▸ **Exercise requirements**: Each line of the data below between the one containing "ABC Advanced Building Control GesmbH" and the one containing "COVID-19: Boletim epidemiológico", both included, is to be repeated exactly. Please omit pictures.

▸ **Task inputs**:
[Start of section]

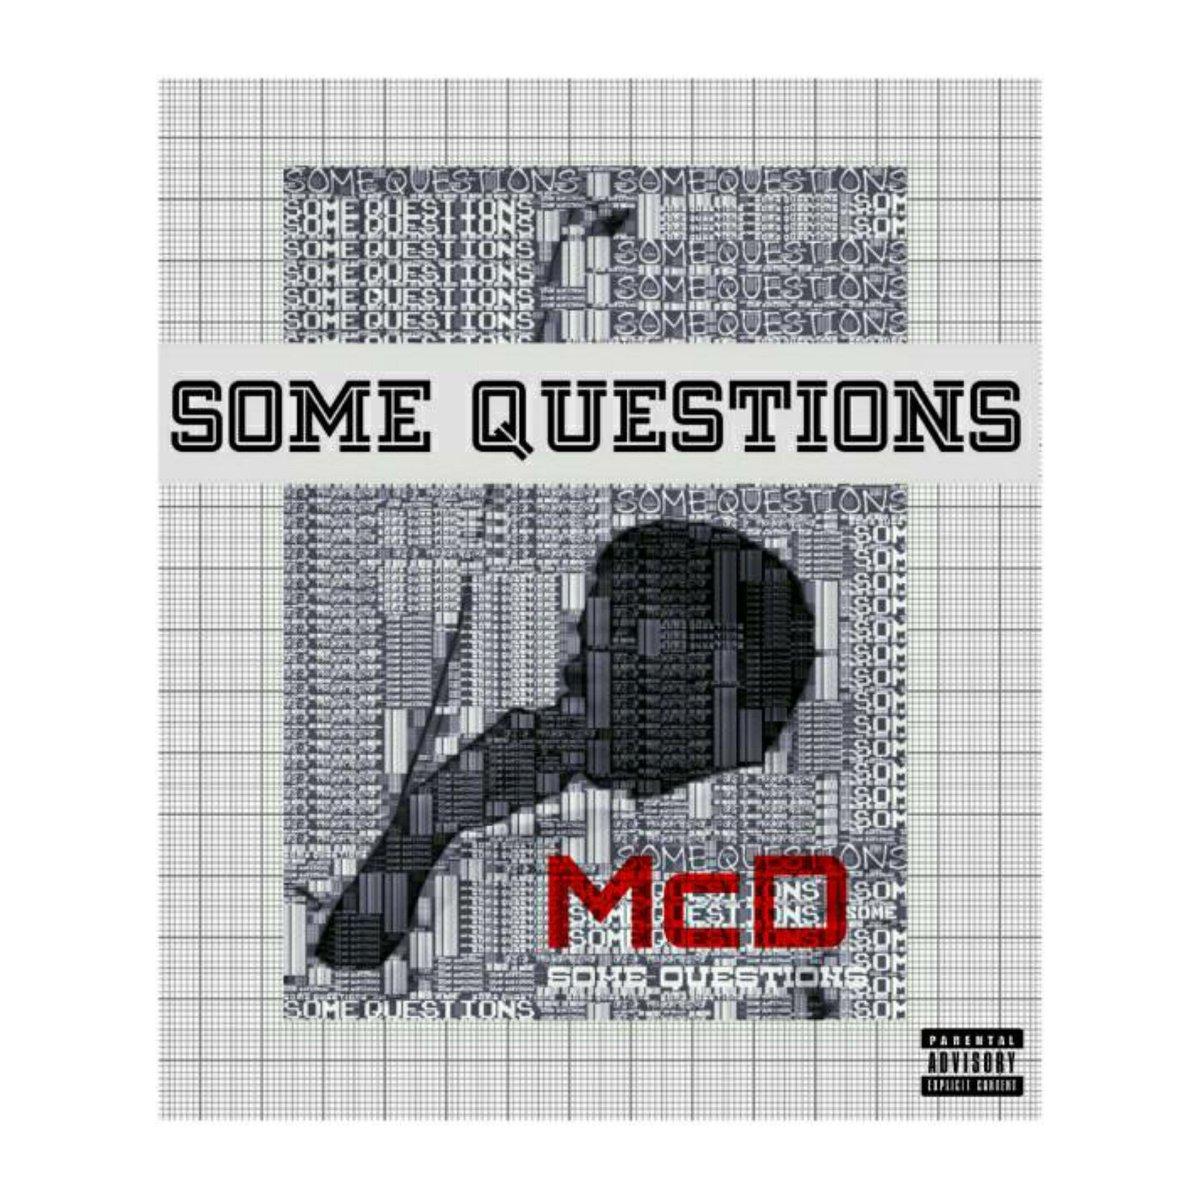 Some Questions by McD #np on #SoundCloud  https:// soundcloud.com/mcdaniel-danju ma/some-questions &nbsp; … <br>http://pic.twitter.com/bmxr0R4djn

[End of section]
[Start of section]

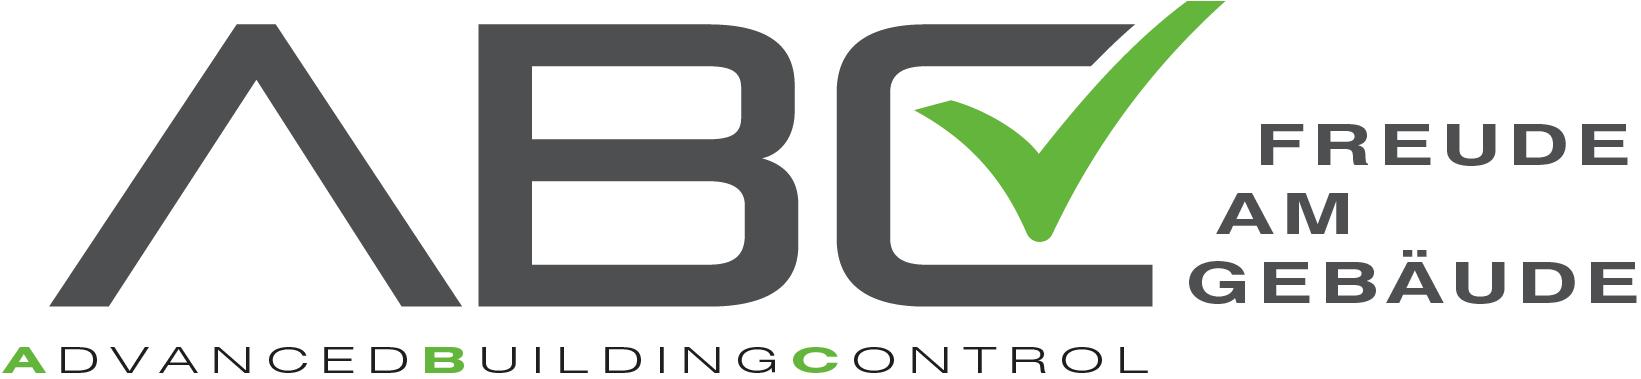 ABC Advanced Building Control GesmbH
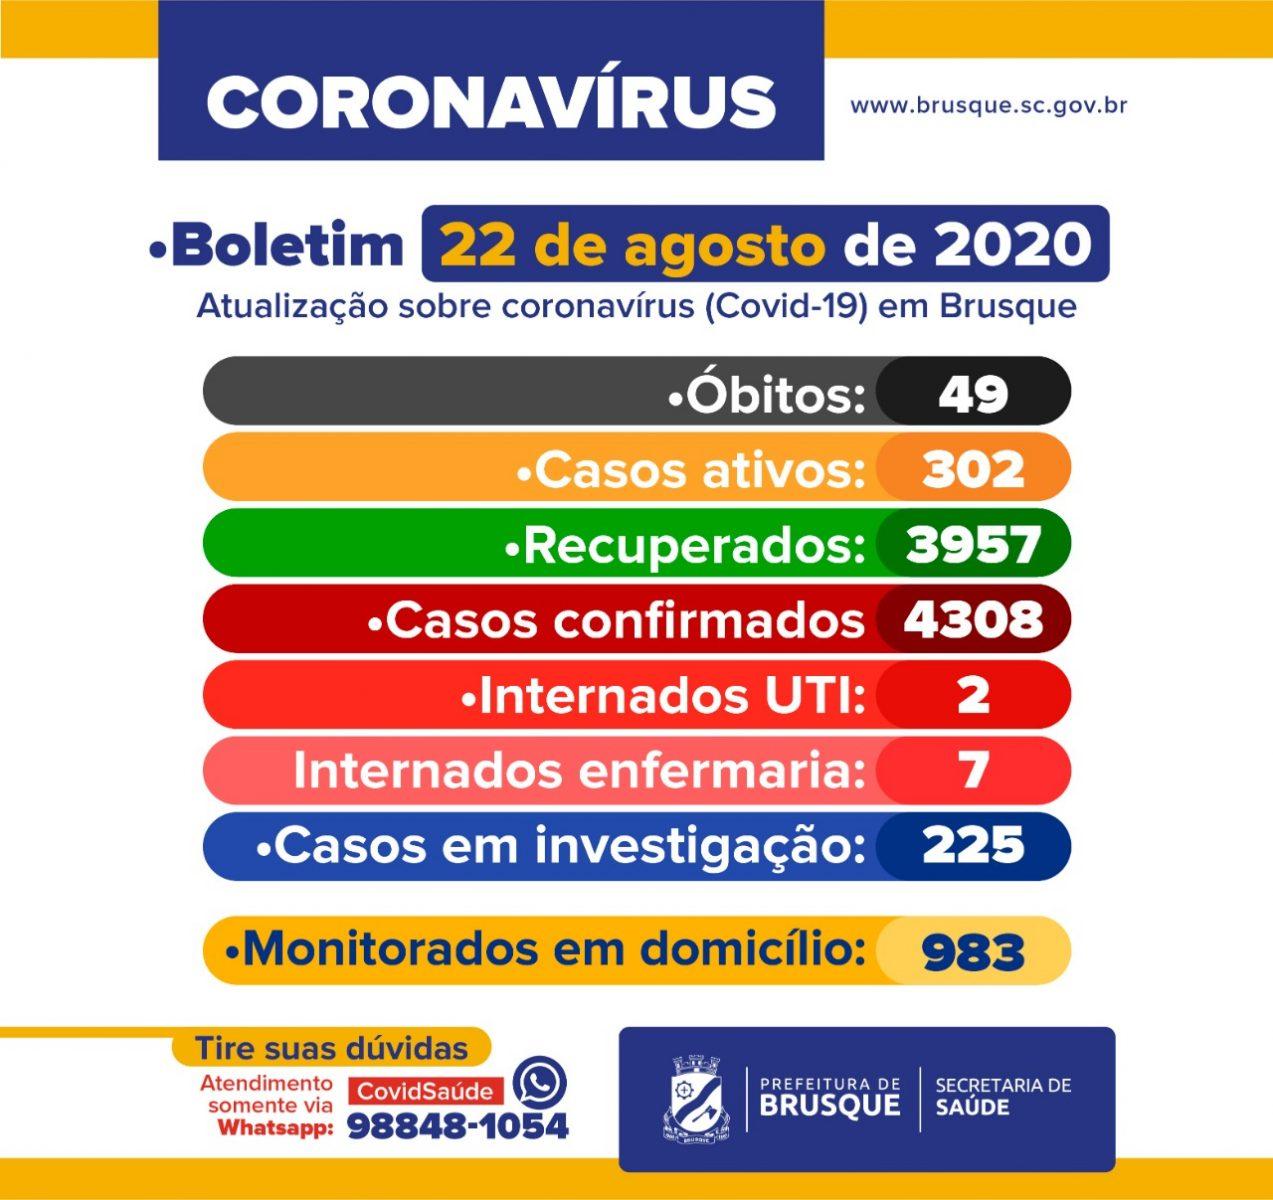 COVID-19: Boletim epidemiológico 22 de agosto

[End of section]

▸ **Result of this task**:
 ABC Advanced Building Control GesmbH
 COVID-19: Boletim epidemiológico 22 de agosto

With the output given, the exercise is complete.